事業本部長であれば、事業本部全体の売上高・経常利益・売上高経常利益率・総資本経常利益率など事業本部全体の業績が管理指標となります。
部長であれば、部の売上高・営業利益・生産性など、課長であれば課の売上高・営業利益・生産性など、係長以下は自分に課せられた売上高などです。また、場合によっては、新規顧客獲得○件、顧客訪問○件といった目標を管理指標とすることもあります。
業績目標設定・年度事業計画策定では、トップ・ダウンとボトム・アップの積み上げをフィードバックすることで、より効果的に業績管理を目指します。ただし、ここで求められるのは、単に業績を管理することではありません。業績が好調となるような業績目標設定・年度事業計画策定です。
おおむねトップ・ダウンで示される数値は、その達成が容易でないものが多くなります。一方、ボトム・アップの積み上げ数値は、その内容を慎重に判断しなければなりません。

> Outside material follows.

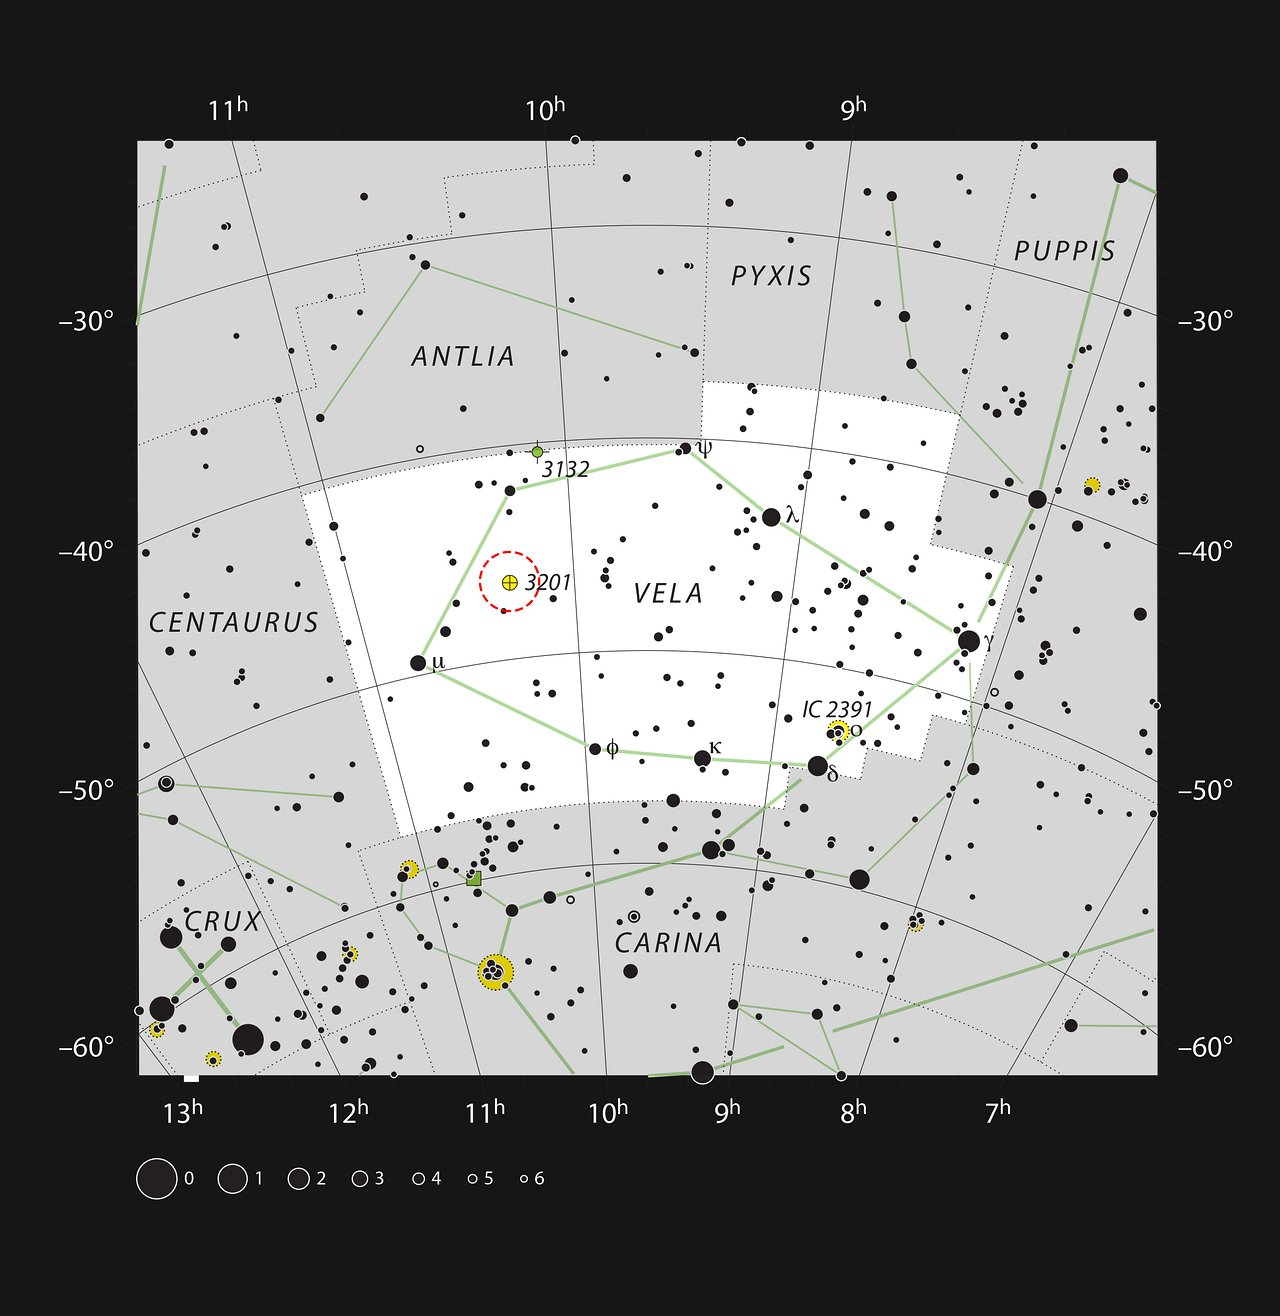 NGC 3201 en la constelación Vela

例えば、課単位の業績数値を積み上げる場合、課長がトップの意向をくんで、さらに部下の現状を把握した上で、実現可能な数値を提示することが求められます。しかし、しばしば確実に(容易に)達成できる数値を示すことがあります。また、新任の課長は自己アピールのために、課の実力以上の実現不可能な数値を示すことがあります。こうしたケースでは、部門長がしっかりと内容を把握し、数値を修正する必要があります。
3)部門別損益計算ルール
部門別に業績を管理するには、まず部門別の業績を測定・把握しなければなりません。そのためには、「売り上げや原価がどこに、どの範囲で帰属するのか、経費はどこの負担になるのか」といった損益計算のルールが必要です。この計算ルールは、業績管理を進めるに当たり、あらかじめ各部門の業績責任のある管理者に周知徹底されていなければなりません。部門別損益計算ルールを決める場合の留意点は次の通りです。
1.納得した上での実施
関係者の大多数が「業績管理上の約束」だと割り切って、納得した上で実施されなければなりません。
2.目的の明確化
業績管理の目的をはっきりさせます。目的は次の通りです。
- 経営者が正しい判断、適切な経営方針を打ち出すため
- 部門と部門管理者の業績が明確化されることにより、責任体制の強化と組織の活性化が図れるため
- 部門別に意思決定を迅速・適切にし、機動力を発揮するため
3.関係者の参画
本部や会計部門だけでなく、支社などライン部門の関係者も参加してルールをつくります。現場関係者の参画により納得性が高まり、生産や販売などの実情に合ったものになります。
4.ルールの継続
実情に合わなくなったり、実施して不都合が生じたりした場合を除き、一度決めたルールはなるべく変更しません。
5.真実の業績の表示
意思決定を誤らないように利益が正しく計算され、真実の業績が表示されるようなルールでなければなりません。
以上(2018年12月)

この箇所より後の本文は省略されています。